At Salesforce, CMO Sarah Franklin is seeing more anxiety among customers and prospects, given inflation, supply chain disruption, and other headwinds. But she’s also seeing continued investment in technology.
That’s because technology helps businesses run better, enabling more automation, more efficiency, and more productivity. For Sarah, marketing, sales, and customer success, in particular, are “ripe for reinvention” to drive growth and efficiency.
Chris Koehler, CMO of Box, is seeing similar trends. Across segments, from small businesses to large enterprises, everyone is looking to drive more efficiency and productivity out of every dollar in the current environment — and technology is a critical enabler.
4. Find new efficiencies vs. cutting costs
During a downturn, one of the first things businesses do is to cut costs.
“Everyone on Twitter says ‘cut marketing,’” Jason pointed out during the CMO Panel. Unsurprisingly, none of the panelists agreed with that approach. Cutting marketing now is short-term thinking — and cuts off future growth.
Instead, Sarah has been focusing on being more efficient instead of cutting costs at Salesforce. And it starts with getting your data house in order, so you can track budgets and marketing effectiveness across programs and channels.
She also advised marketers to talk to customers and internal stakeholders the same way by using simple, direct language. Being transparent about marketing budgets can be a game changer in building trust, and when things don’t work out, it’s important to be accountable.
5. Don’t abandon the long game: brand
With the shift towards revenue-driven marketing and greater emphasis on tying spend to results, where does brand fit into the mix?
“It’s tempting to take the foot off the gas on brand,” said Attentive CMO Sara Varni, “but it’s a long game.” Brand investments build awareness and perception over time, so pausing them completely can hurt future gains.

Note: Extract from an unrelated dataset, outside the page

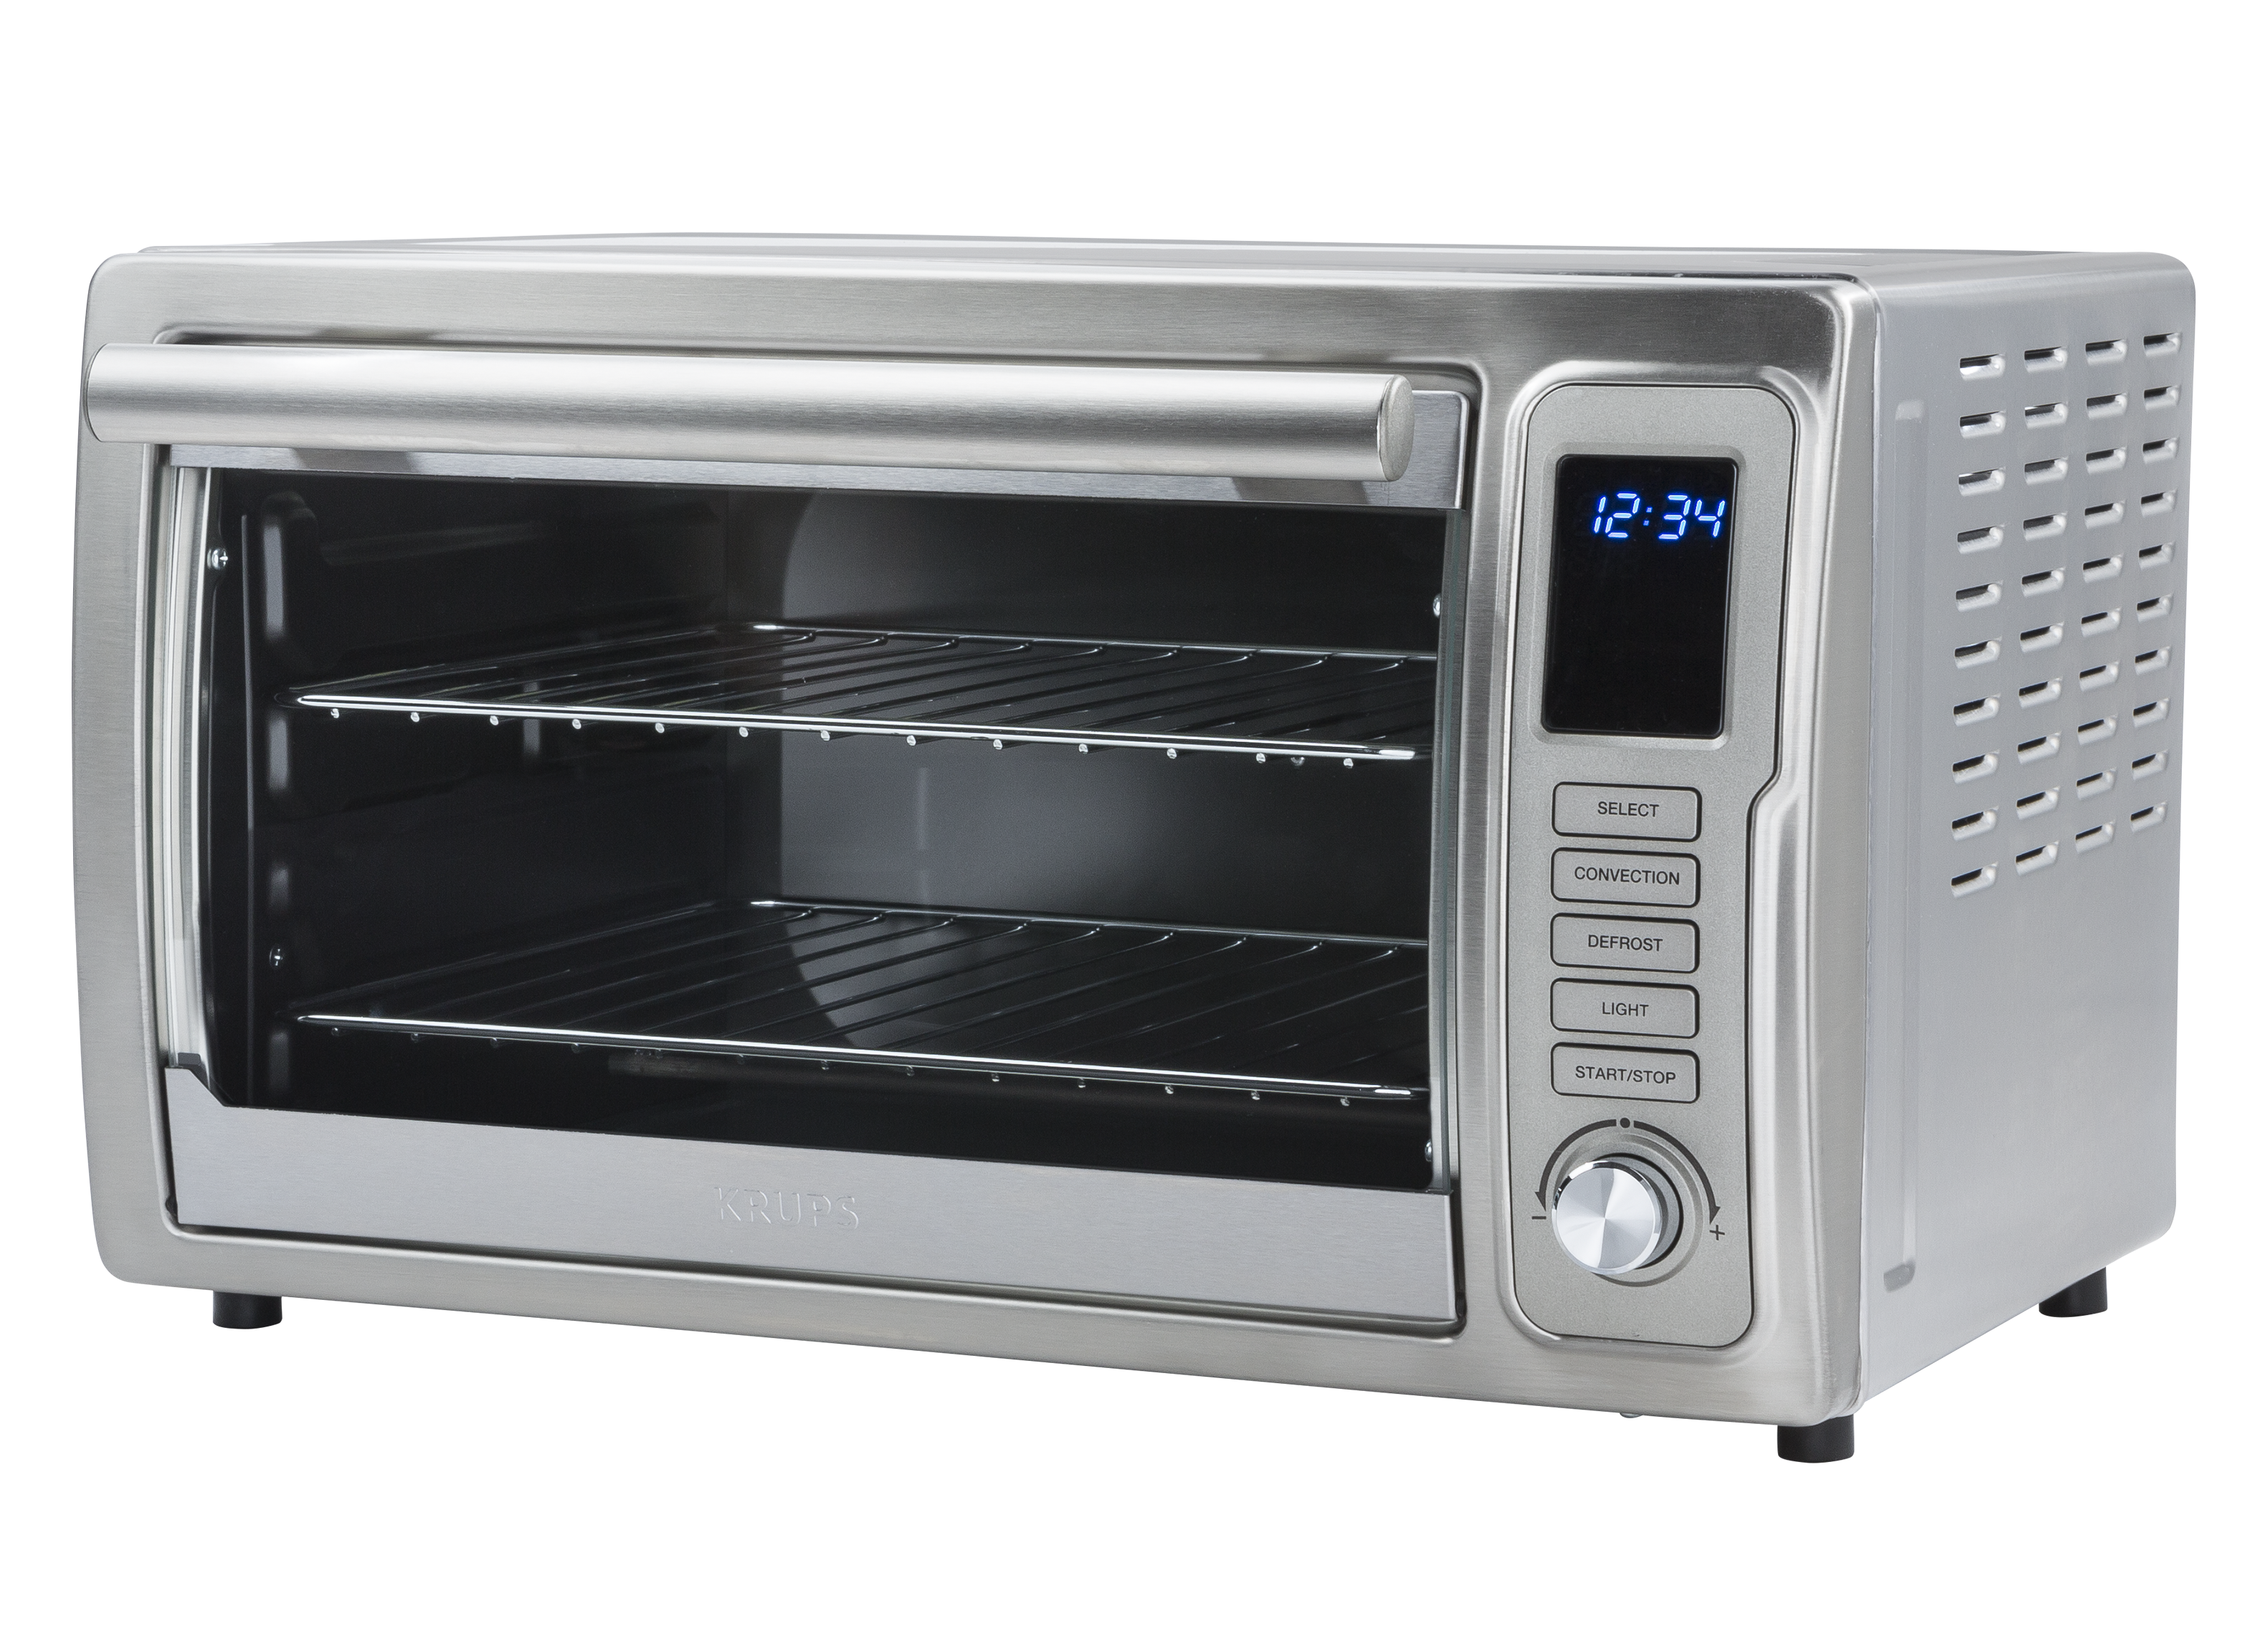 https://crdms.images.consumerreports.org/prod/products/cr/models/389604-toasterovens-krups-deluxeconvectionok710d51.png

To achieve both short- and long-term marketing goals, Sara recommends the following budget breakdown:
- 70% on demand tactics
- 20% on brand & awareness tactics
- 10% on experiments
At Salesforce, Sarah also believes in the power of brand. Her team continues to make big investments in brand, running campaigns during the Superbowo, Olympics, and Formula 1. The important thing to remember, Sarah said, is that brand investments aren’t just about “slapping on a logo.” They’re about powering the entire brand experience.
This is why getting the data house in order is so important — so you can enable a personalized, multichannel brand experience across touchpoints — and then track and measure its effectiveness.